An example session that uses REMB might behave like the following:

REMB

This method works great on paper. The Sender receives estimation from the receiver, sets encoder bitrate to the received value. Tada! We’ve adjusted to the network conditions.

However in practice, the REMB approach has multiple drawbacks.

Encoder inefficiency is the first. When you set a bitrate for the encoder, it won’t necessarily output the exact bitrate you requested. Encoding may output more or fewer bits, depending on the encoder settings and the frame being encoded.

For example, using the x264 encoder with tune=zerolatency can significantly deviate from the specified target bitrate. Here is a possible scenario:

Let’s say we start off by setting the bitrate to 1000 kbps.
The encoder outputs only 700 kbps, because there is not enough high frequency features to encode. (AKA - “staring at a wall”.)
Let’s also imagine that the receiver gets the 700 kbps video at zero packet loss. It then applies REMB rule 1 to increase the incoming bitrate by 8%.
The receiver sends a REMB packet with a 756 kbps suggestion (700 kbps * 1.08) to the sender.
The sender sets the encoder bitrate to 756 kbps.
The encoder outputs an even lower bitrate.
This process continues to repeat itself, lowering the bitrate to the absolute minimum.

You can see how this would cause heavy encoder parameter tuning, and surprise users with unwatchable video even on a great connection.

Transport Wide Congestion Control #

Transport Wide Congestion Control is the latest development in RTCP network status communication. It is defined in draft-holmer-rmcat-transport-wide-cc-extensions-01, but has also never been standardized.

TWCC uses a quite simple principle:

TWCC

With REMB, the receiver instructs the sending side in the available download bitrate. It uses precise measurements about inferred packet loss and data only it has about inter-packet arrival time.

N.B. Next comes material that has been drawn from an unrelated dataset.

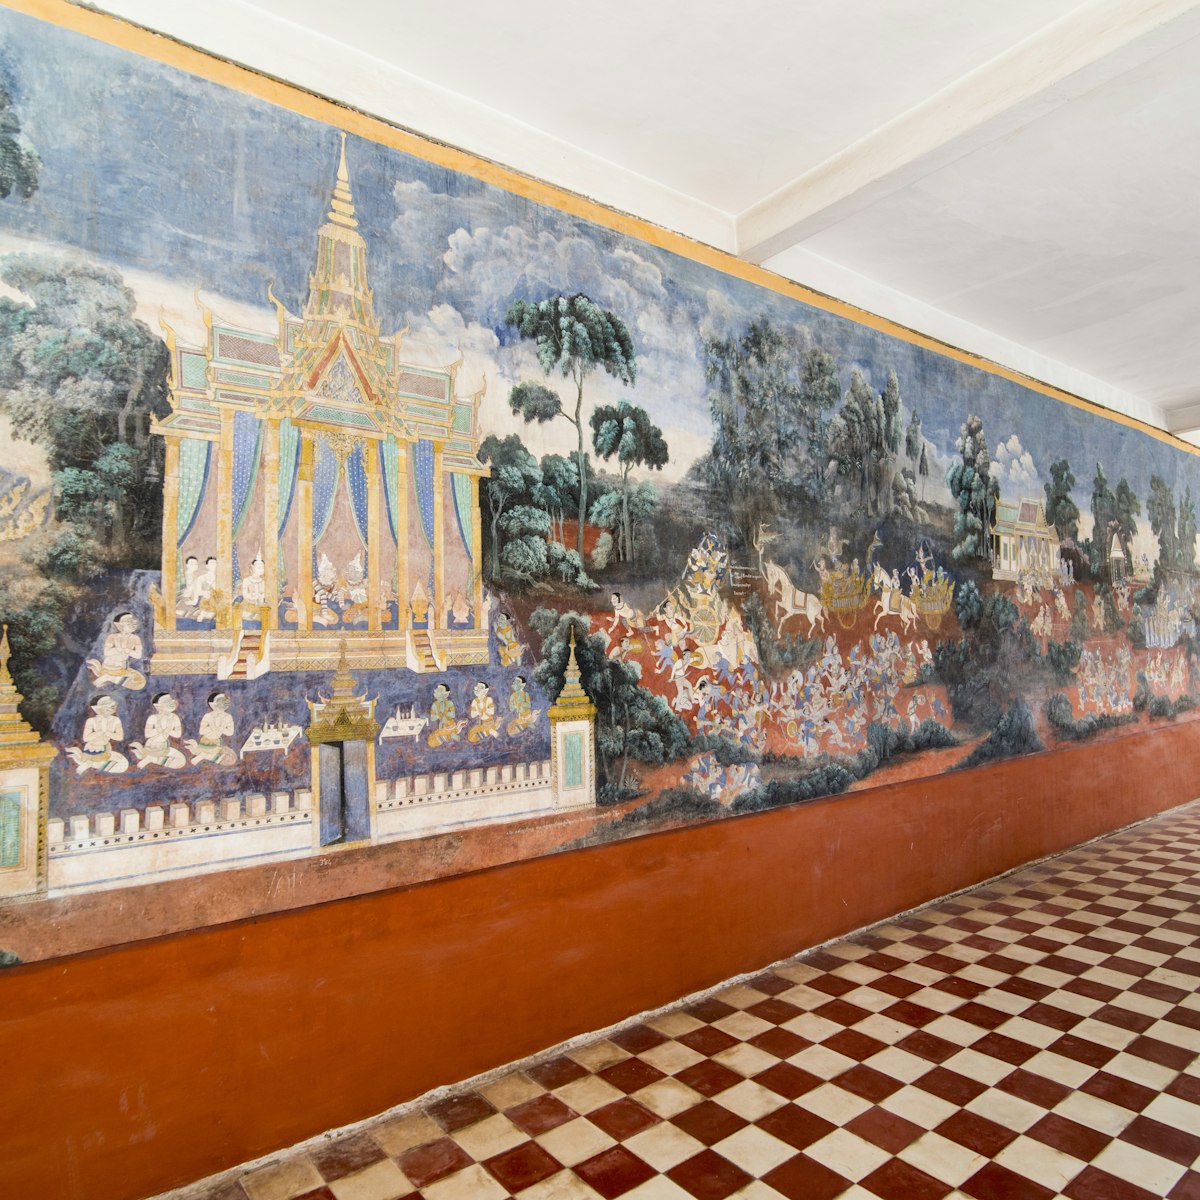 The Ramayana Mural paintings at the silver Pagoda of the Royal Palace in the city of Phnom Penh of Cambodia.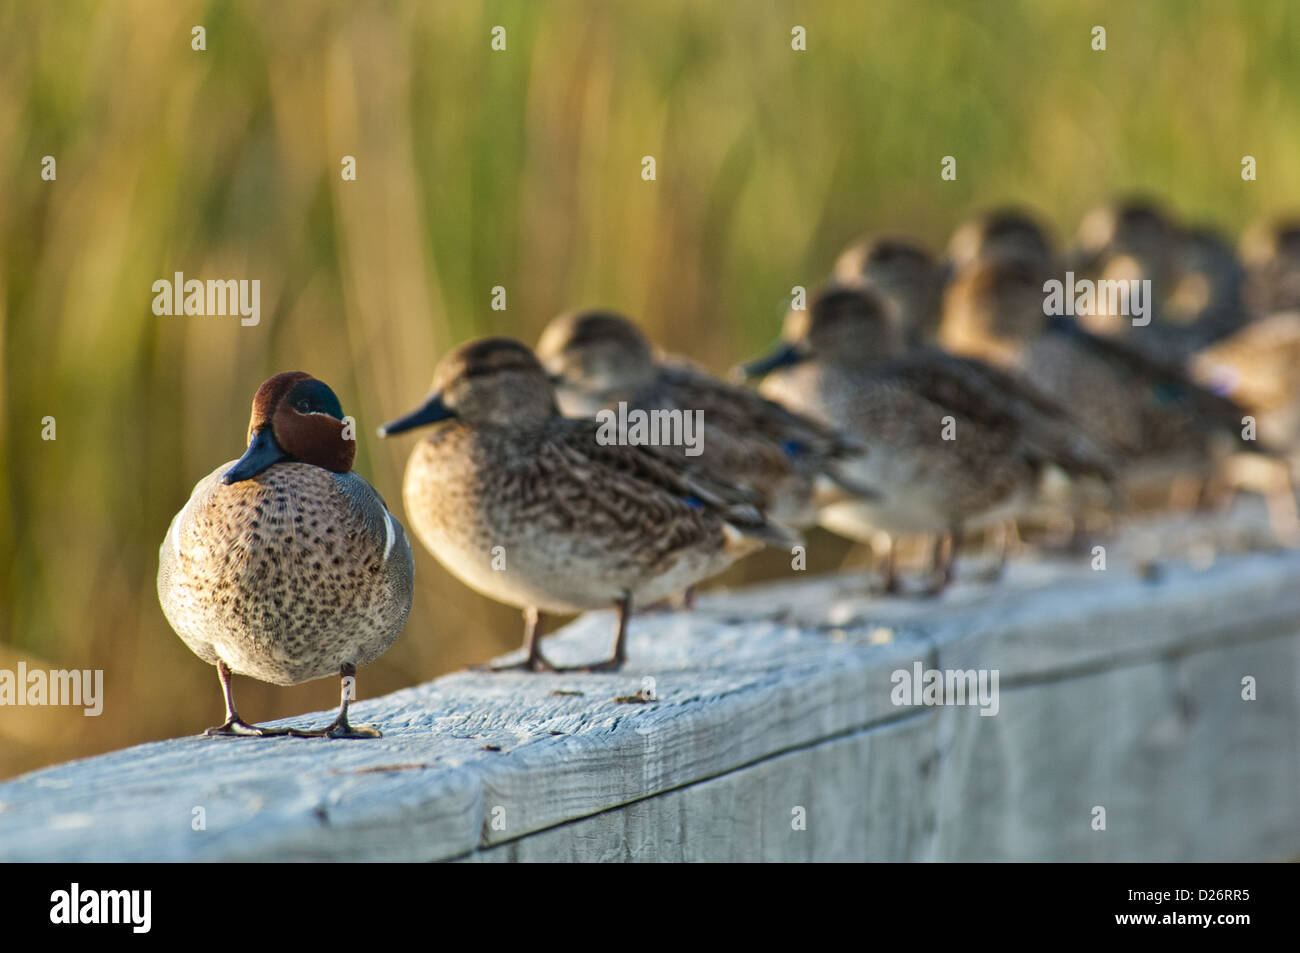 Drake Green-winged Teal (Anas carolinensis) duck with hens perched on a dock Stock Photo

TWCC is almost a hybrid approach between the SR/RR and REMB generations of protocols. It brings the bandwidth estimates back to the sender side (similar to SR/RR), but its bandwidth estimate technique more closely resembles the REMB generation.

With TWCC, the receiver lets the sender know the arrival time of each packet. This is enough information for the sender to measure inter-packet arrival delay variation, as well as identifying which packets were dropped or arrived too late to contribute to the audio/video feed. With this data being exchanged frequently, the sender able to quickly adjust to changing network conditions and vary its output bandwidth using an algorithm such GCC.

The sender keeps track of sent packets, their sequence numbers, sizes and timestamps. When the sender receives RTCP messages from the receiver, it compares the send inter-packet delays with the receive delays. If the receive delays increase, it signals network congestion, and the sender must take corrective measures.

By providing the sender with the raw data, TWCC provides an excellent view into real time network conditions:

Almost instant packet loss behavior, down to the individual lost packets
Accurate send bitrate
Accurate receive bitrate
Jitter measurement
Differences between send and receive packet delays
Description of how the network tolerated bursty or steady bandwidth delivery

One of the most significant contributions of TWCC is the flexibility it affords to WebRTC developers. By consolidating the congestion control algorithm to the sending side, it allows simple client code that can be widely used and requires minimal enhancements over time. The complex congestion control algorithms can then be iterated more quickly on the hardware they directly control (like the Selective Forwarding Unit, discussed in section 8). In the case of browsers and mobile devices, this means those clients can benefit from algorithm enhancements without having to await standardization or browser updates (which can take quite a long time to be widely available).

Bandwidth Estimation Alternatives #

The most deployed implementation is “A Google Congestion Control Algorithm for Real-Time Communication” defined in draft-alvestrand-rmcat-congestion.

There are several alternatives to GCC, for example NADA: A Unified Congestion Control Scheme for Real-Time Media and SCReAM - Self-Clocked Rate Adaptation for Multimedia.